In our continuing efforts to bring local news to more people in the Tri-State area and beyond, The Herald-Mail recently started producing daily podcasts with the top news stories of the day.

The podcasts came about through a partnership with Antietam Cable Television, which developed a Web site ( where anyone can listen to or download the day's top stories.

More information about the Web site will appear at the end of the column, but first, here is how we produce the podcasts.

The goal is to keep the podcasts short, but long enough to provide the basic information from the top stories. We keep these to about three minutes, so we determined that we could get about six stories onto each podcast.


Of the six stories, we typically choose the top four stories in Hagerstown and Washington County and one each from Pennsylvania and West Virginia. This changes depending on where the day's big stories happened. For example, on the podcast that was produced on July 30, there were two stories from West Virginia because a man was killed in a shooting in Berkeley County and another man drowned at a quarry in Jefferson County.

We put our heads together and look at the daily budget and determine which stories will make the cut for our podcasts. Once that is determined, it is up to our reporters to summarize their stories into three sentences. Nothing fancy - we just need to answer who, what, where, when and how in the summaries.

The summaries then are compiled into one file, with the biggest story of the day as the lead story and the other stories to follow.

Along with the top six stories, we add a news item from our "Can You Believe It File" at the end of each podcast. This is on page A2 of The Morning Herald and The Herald-Mail and takes a look at the lighter side of the news. The stories are not local stories - instead, they involve wacky items from locales from Wichita, Kan., to Japan.

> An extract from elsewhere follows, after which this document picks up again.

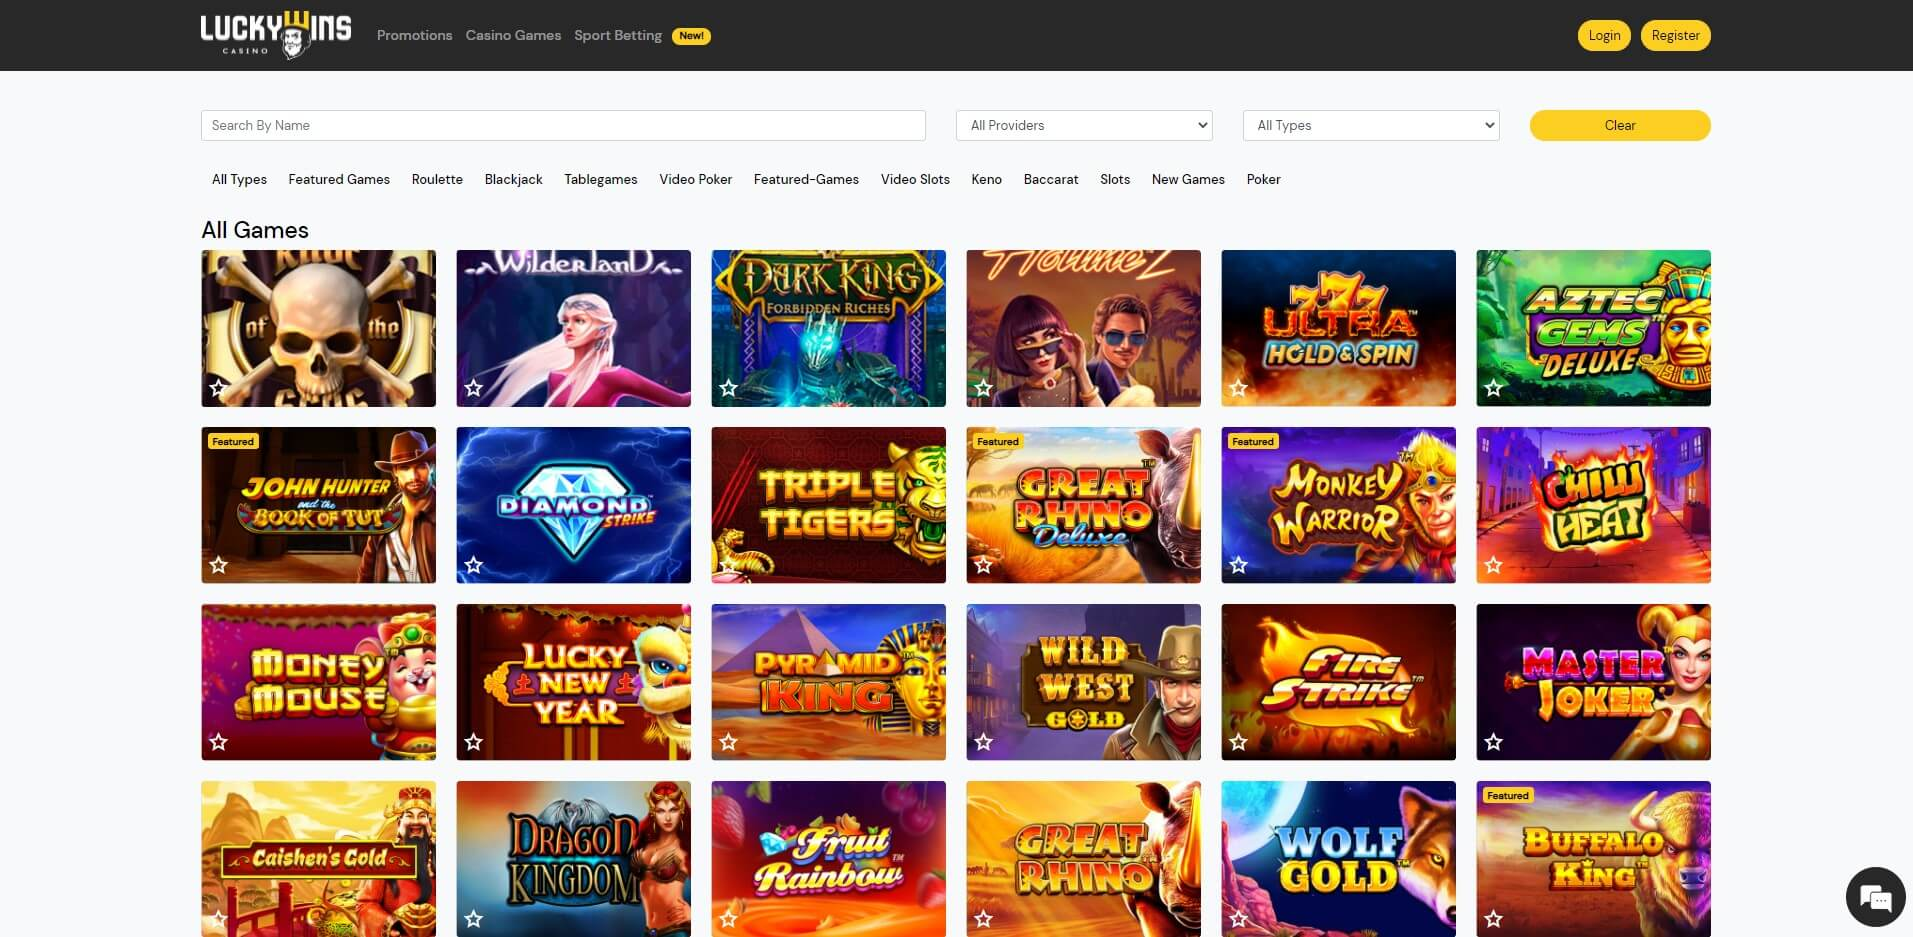 Games at LuckyWins Casino
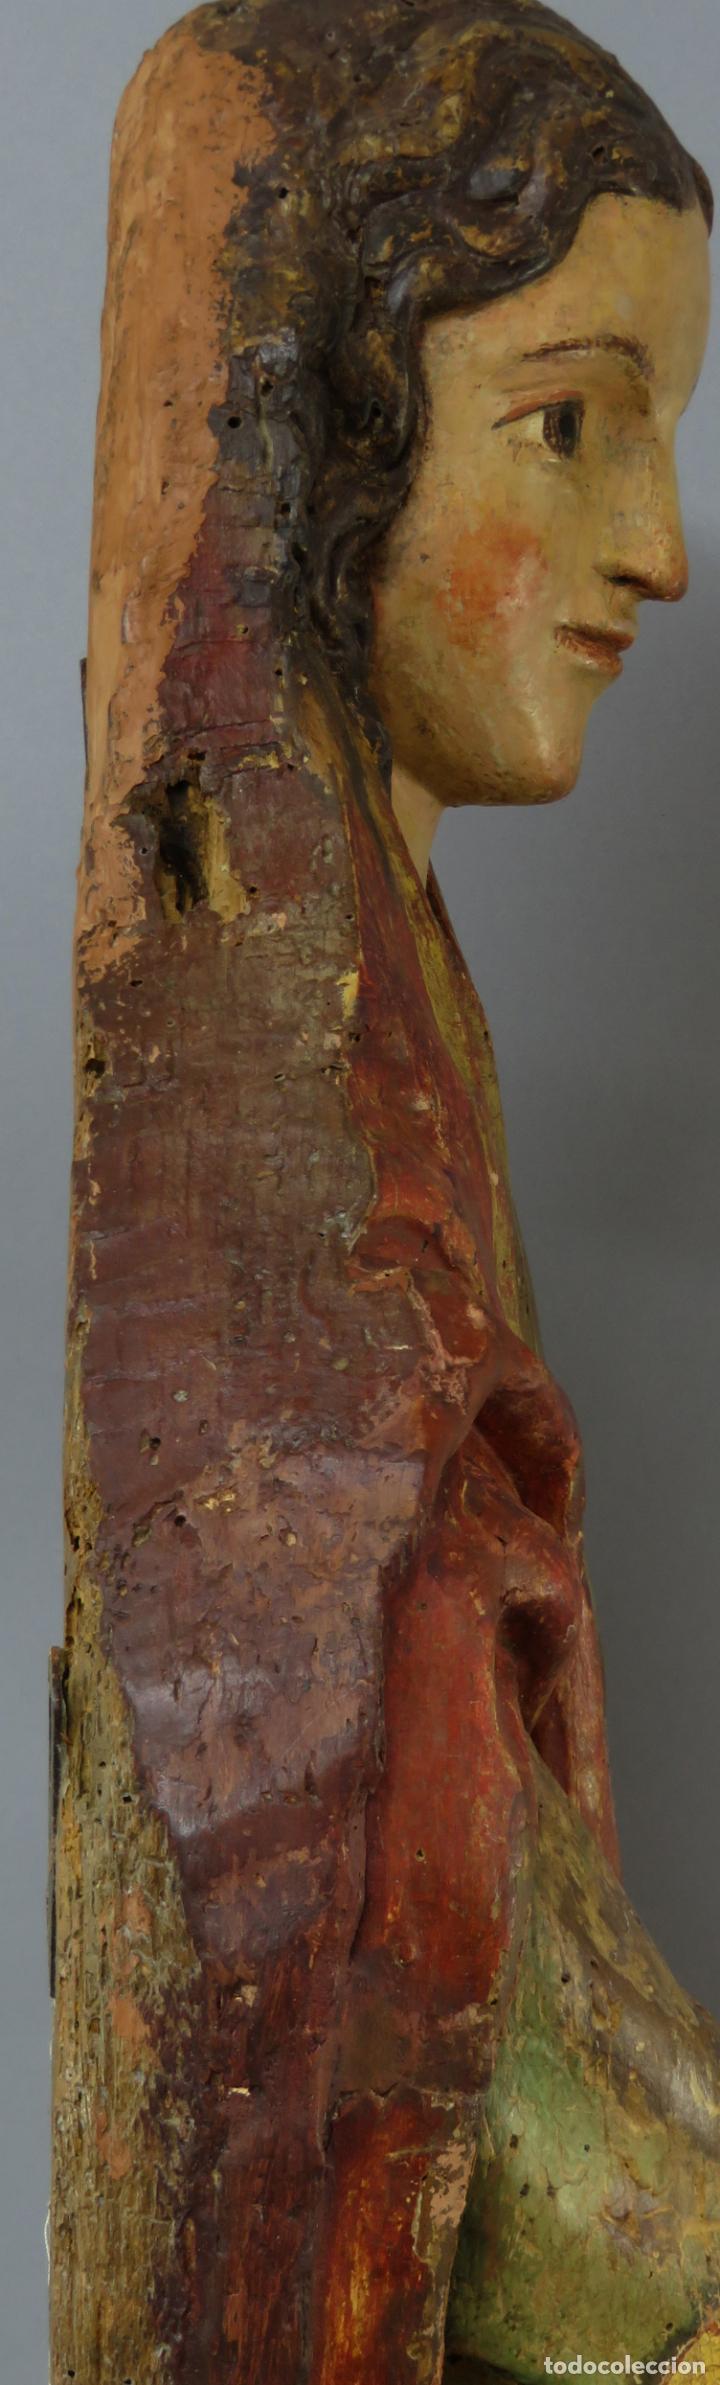 Arte: Talla de medio bulto o chuleta San Juan Evangelista madera tallada dorada y policromada XVI XVII - Foto 32 - 221922775

On the weekends, we add a couple of "Weekend Calendar" events, and we will throw in the top local sports story if we think it is a big deal to our readers.

Once the script has been edited and it's ready to go, it's time to record the podcast. With the aid of a couple of computer programs and a microphone, one of our staff members goes into an office and records it. Once that person is satisfied with the finished product, it is downloaded to the Web site within a couple of minutes.

Most of the podcasts are done by copy editor Dave Rhodes, who did newscasts for several local radio stations prior to coming to The Herald-Mail more than 20 years ago. It's a trip down memory lane for him, and he has been instrumental in the podcast process.

Other voices that you will hear are those of Morning Herald Managing Editor Joel Huffer, Tri-State Editor Bill Kohler and several other members of the newsroom staff. It's not too hard to do this - even I did a podcast while Dave was "on assignment."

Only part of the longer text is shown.